Step 1 – Install Apache Hadoop in Local (Standalone) Mode: As starting point we need an Apache Hadoop cluster in Local (Standalone) Mode. In an earlier post I have described how to create such a cluster on CentOS 7 Linux running on VirtualBox (BigData Investigation 7 – Installing Apache Hadoop in Local (Standalone) Mode). Before executing the next steps, I cloned my Linux server in VirtualBox just in case I need a Hadoop Cluster in Local (Standalone) Mode in the future.

Step 2 –  Configure password-less ssh: My Hadoop Cluster is running Hadoop 2.7.2. The documentation to configure Pseudo-Distributed Mode is here. I start with the configuration of password-less ssh to localhost. Ssh is required by the helper scripts which start and stop the Hadoop services and some other utilities.

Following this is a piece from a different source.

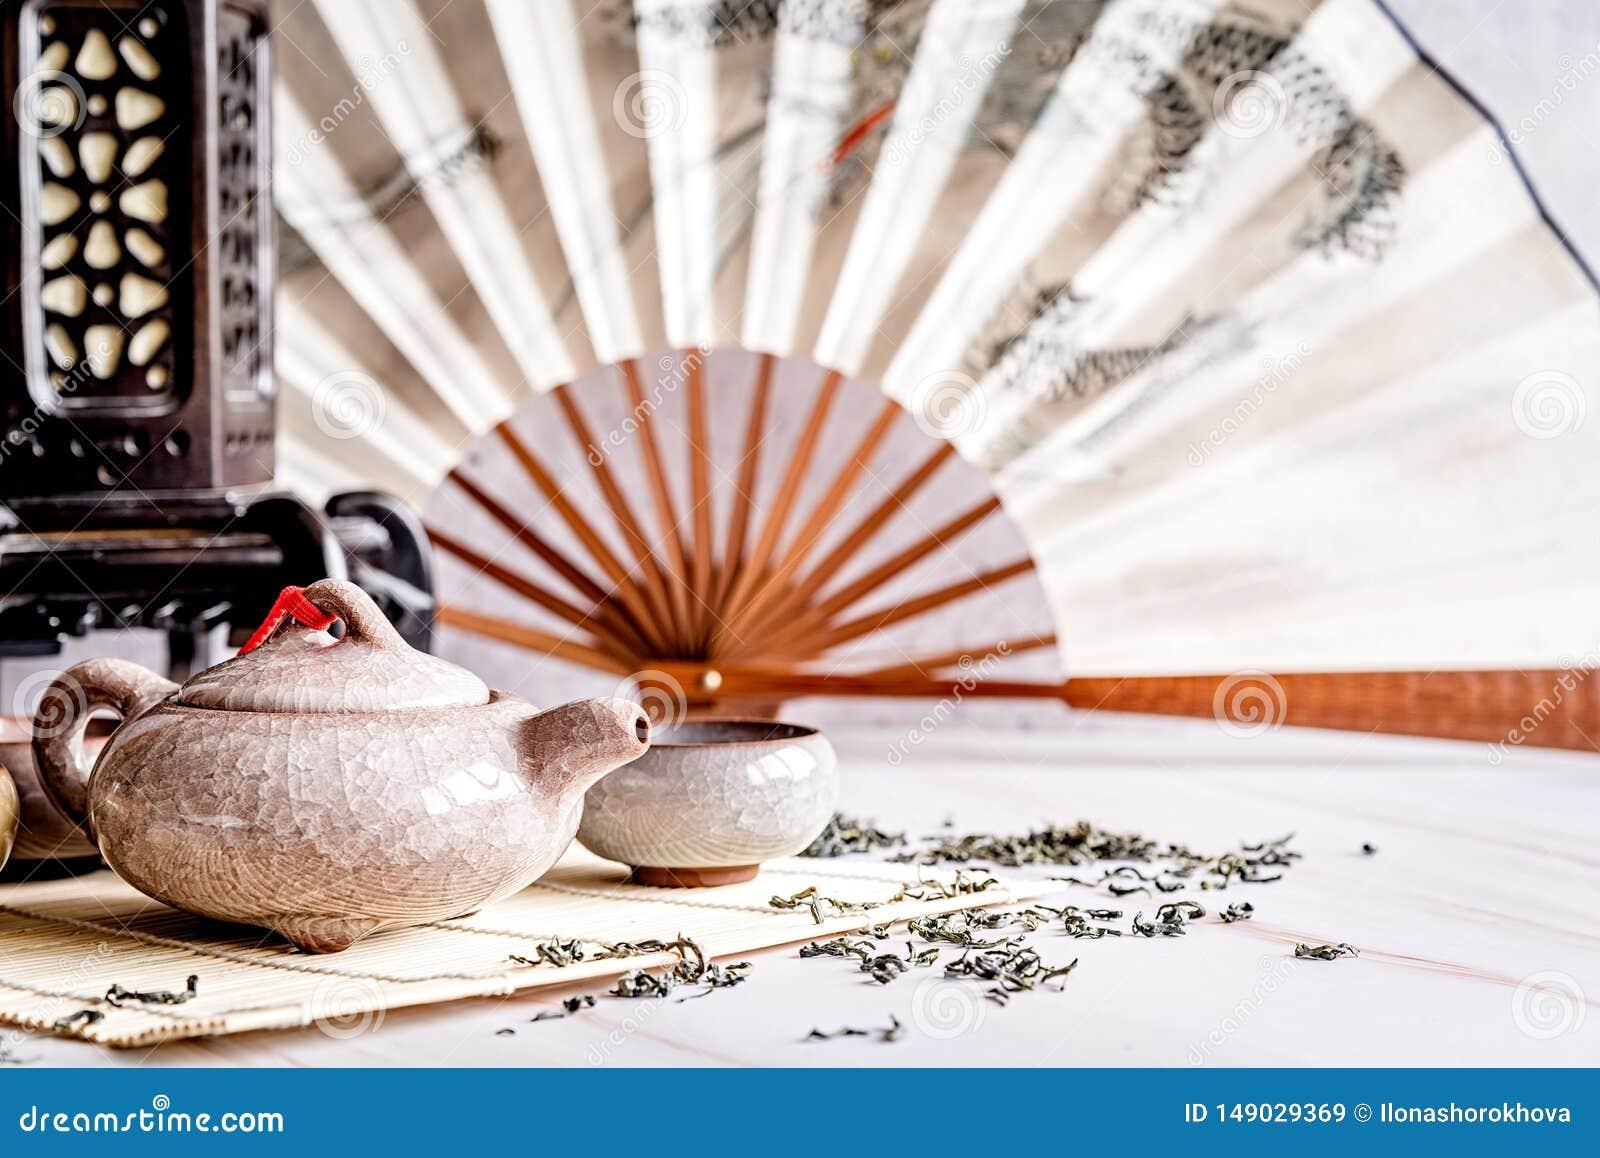 Teiera asiatica con i tazza da the su tablamat di bambù decorato con il fan cinese, la lanterna ed il tè verde sparso su marmo bi

The Hadoop framework itself does not required ssh.

Login in as the user who installed the Hadoop code – on my system ‘storageulf’ – and then ssh to localhost. After adding the fingerprint of my server to the list of known hosts, the ssh command asks for the password. Abort the ssh command with ‘CTRL-C’.

login as: storageulf
storageulf@127.0.0.1's password:
Last login: Mon Sep 26 03:39:56 2016 from gateway

[storageulf@hadoop ~]$ ssh localhost
The authenticity of host 'localhost (::1)' can't be established.
ECDSA key fingerprint is 01:4f:be:db:f7:60:2a:d5:ee:67:0b:aa:2e:60:f9:e7.
Are you sure you want to continue connecting (yes/no)? yes
Warning: Permanently added 'localhost' (ECDSA) to the list of known hosts.
storageulf@localhost's password:

[storageulf@hadoop ~]$

So, we need to create an ssh-key pair with the Linux ssh-keygen command and add the public key to the authorized_keys file. Now we can ssh to localhost without being prompted for a password. Finally logout from the remote shell to return to the login shell.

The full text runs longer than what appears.